** SUPPLIED DATA follows **

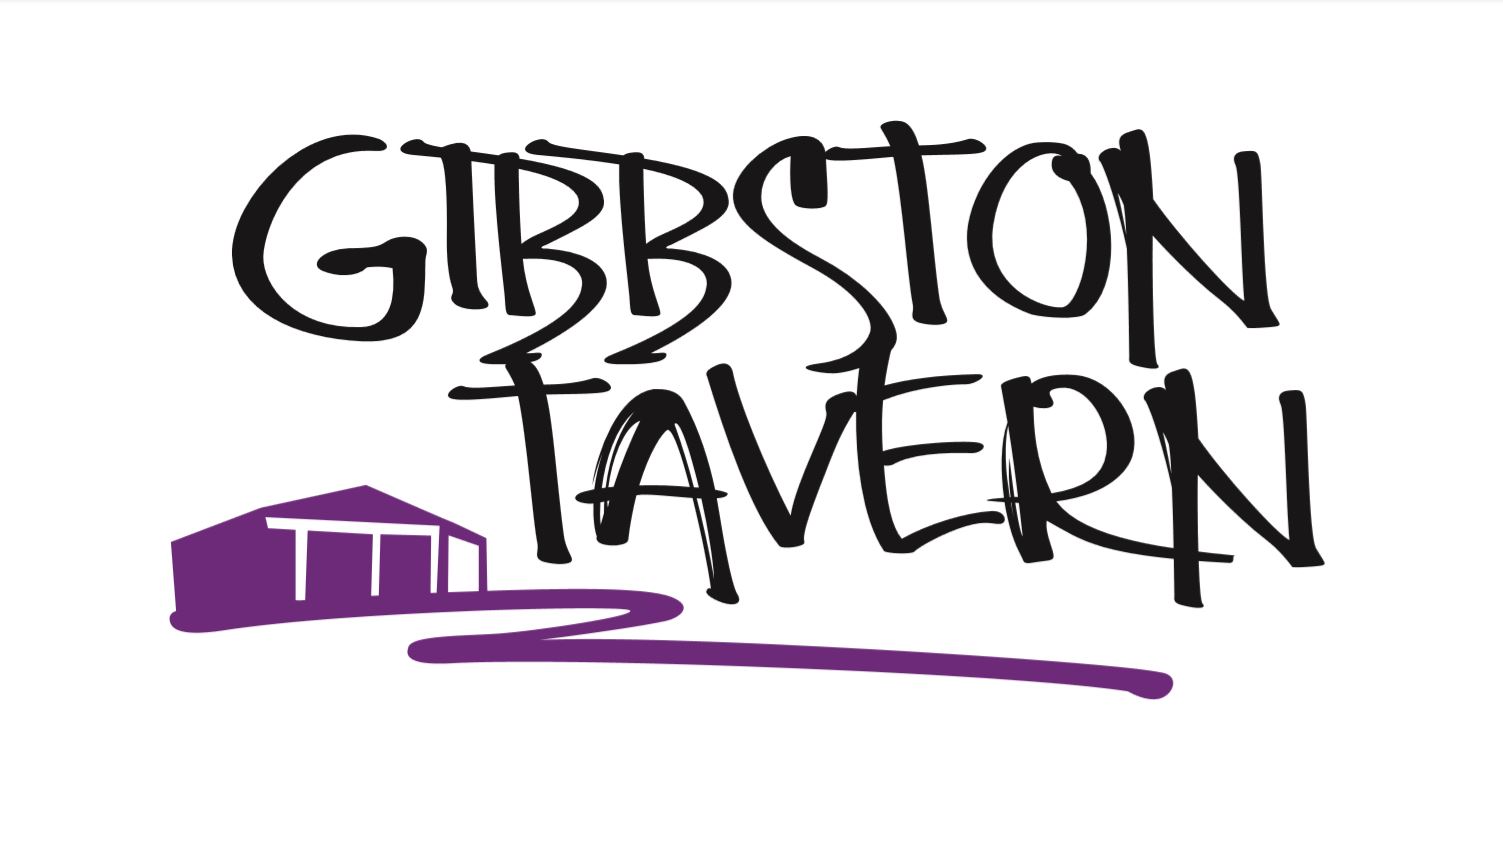 Gibbston Tavern Logo
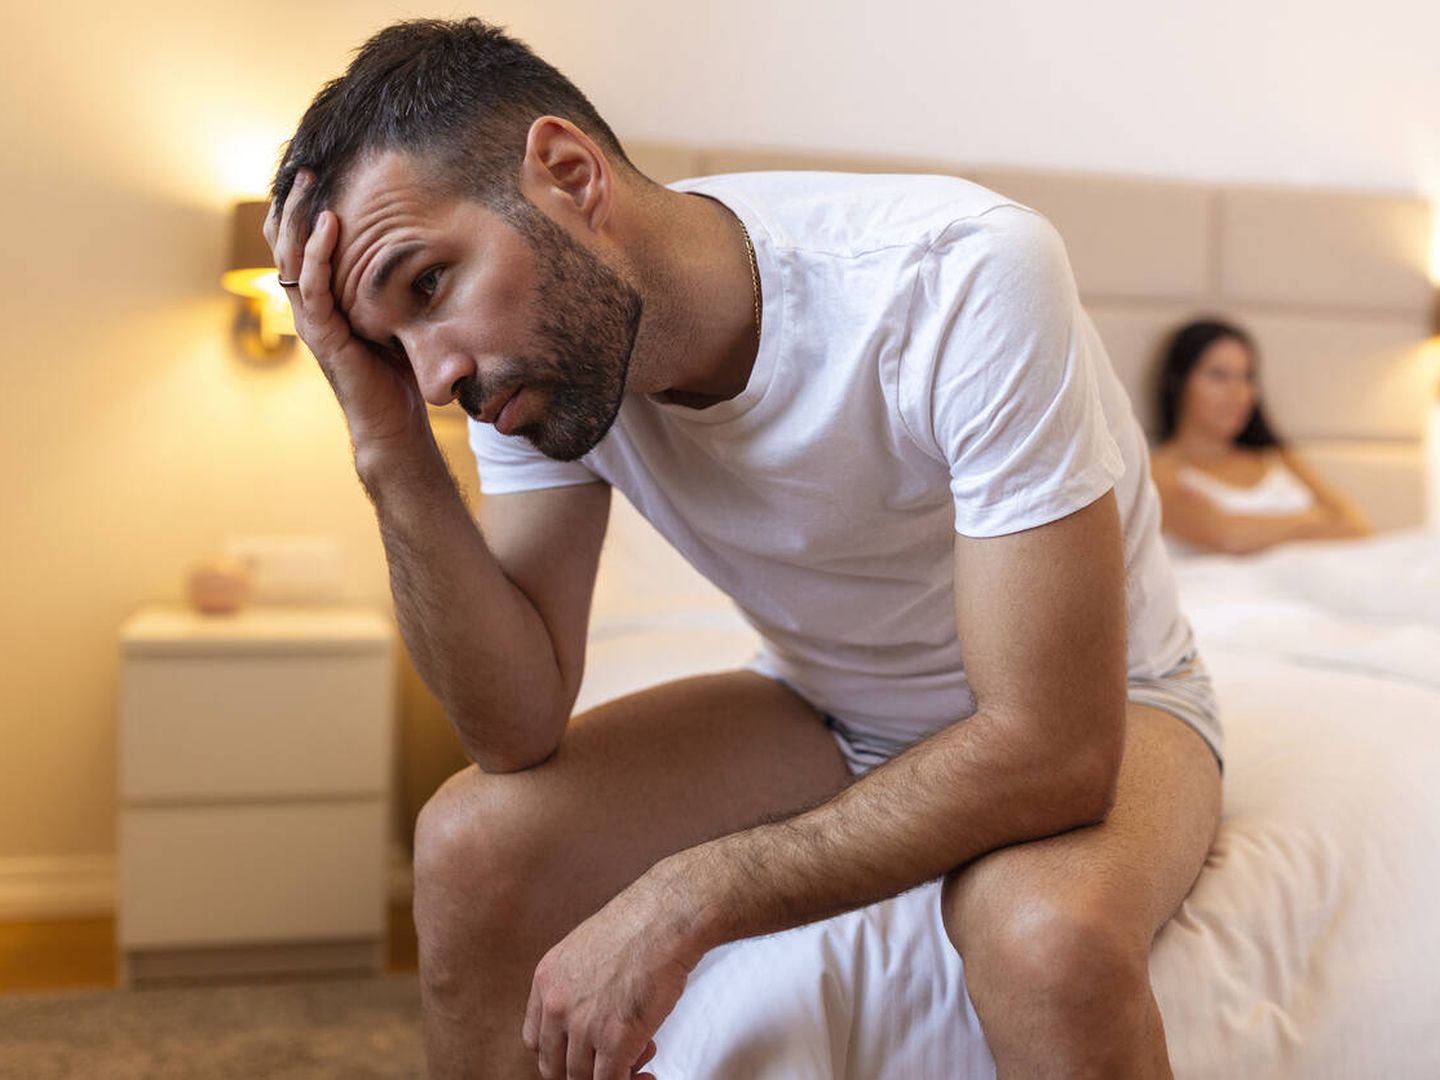 La falta de deseo sexual es una de las consecuencias del síndrome de déficit de testosterona. (iStock)
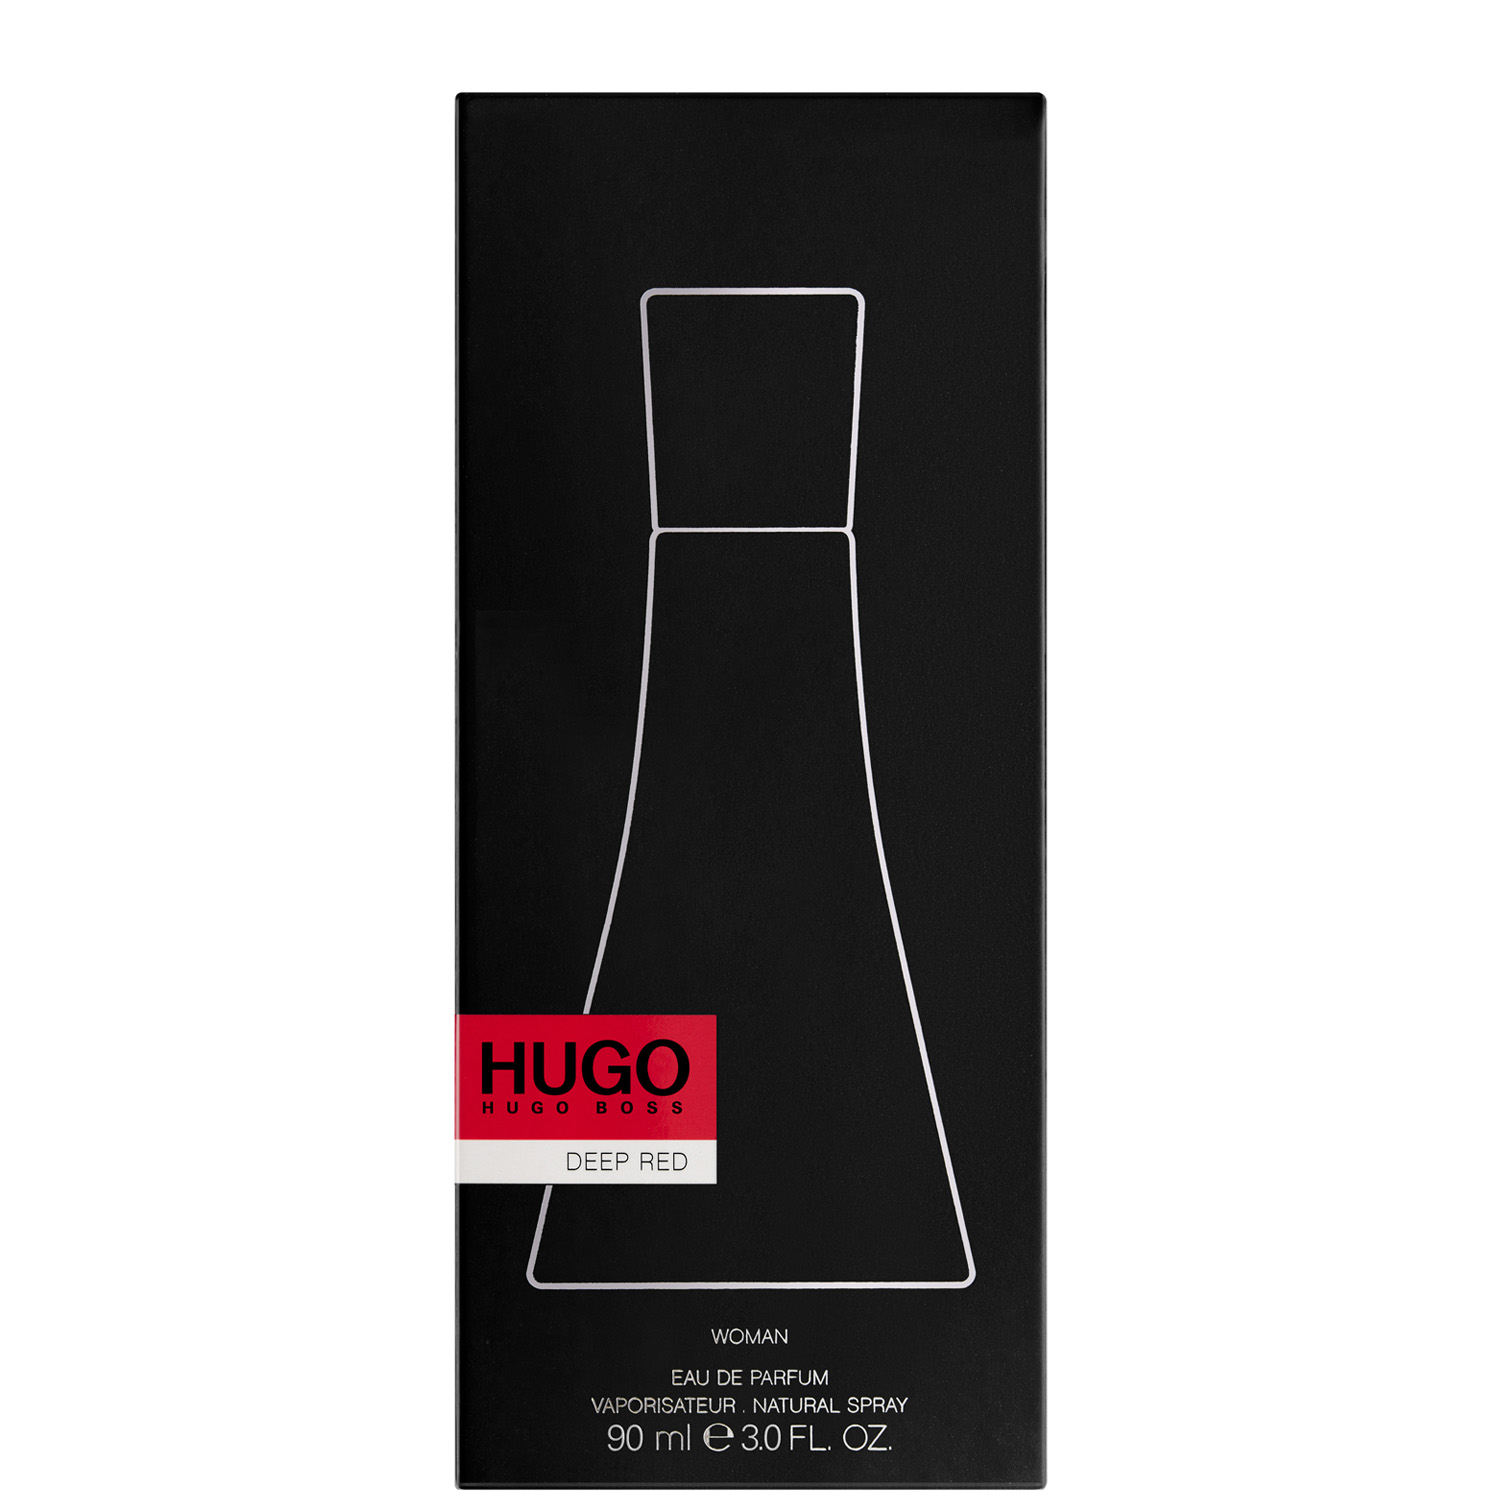 Hugo Boss Hugo Deep Red Eau de Parfum 90ml
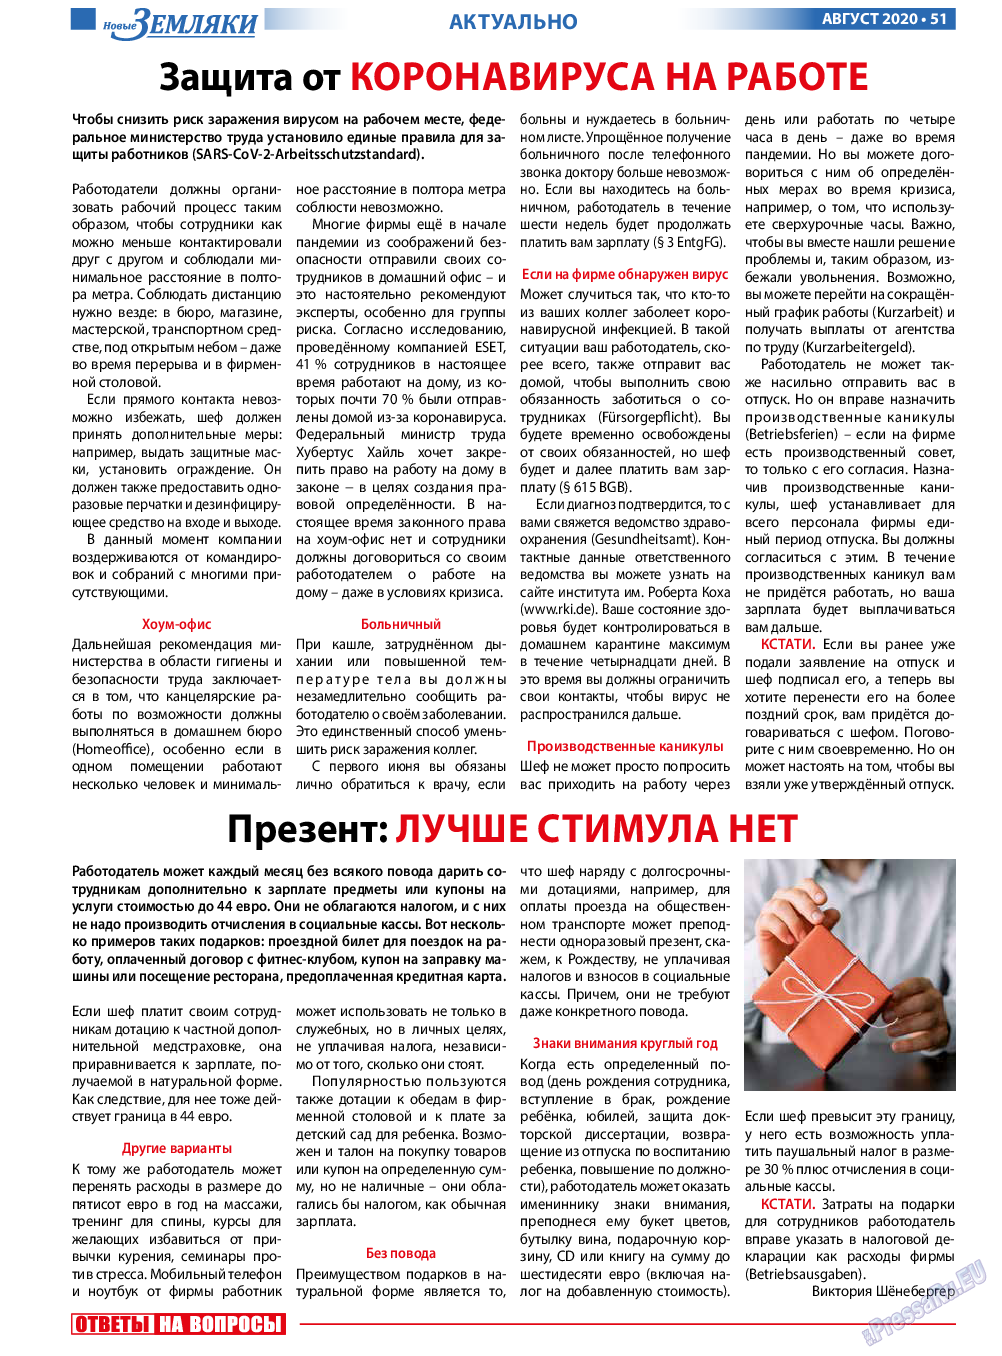 Новые Земляки, газета. 2020 №8 стр.51

** End of SUPPLIED DATA **

▸ **TASK TO CARRY OUT**:
Please give the data again unaltered, leaving out any images.

▸ **SOLUTION TO THIS PROBLEM**:
 Gibbston Tavern Logo
 La falta de deseo sexual es una de las consecuencias del síndrome de déficit de testosterona. (iStock)
 Hugo Boss Hugo Deep Red Eau de Parfum 90ml
 Новые Земляки, газета. 2020 №8 стр.51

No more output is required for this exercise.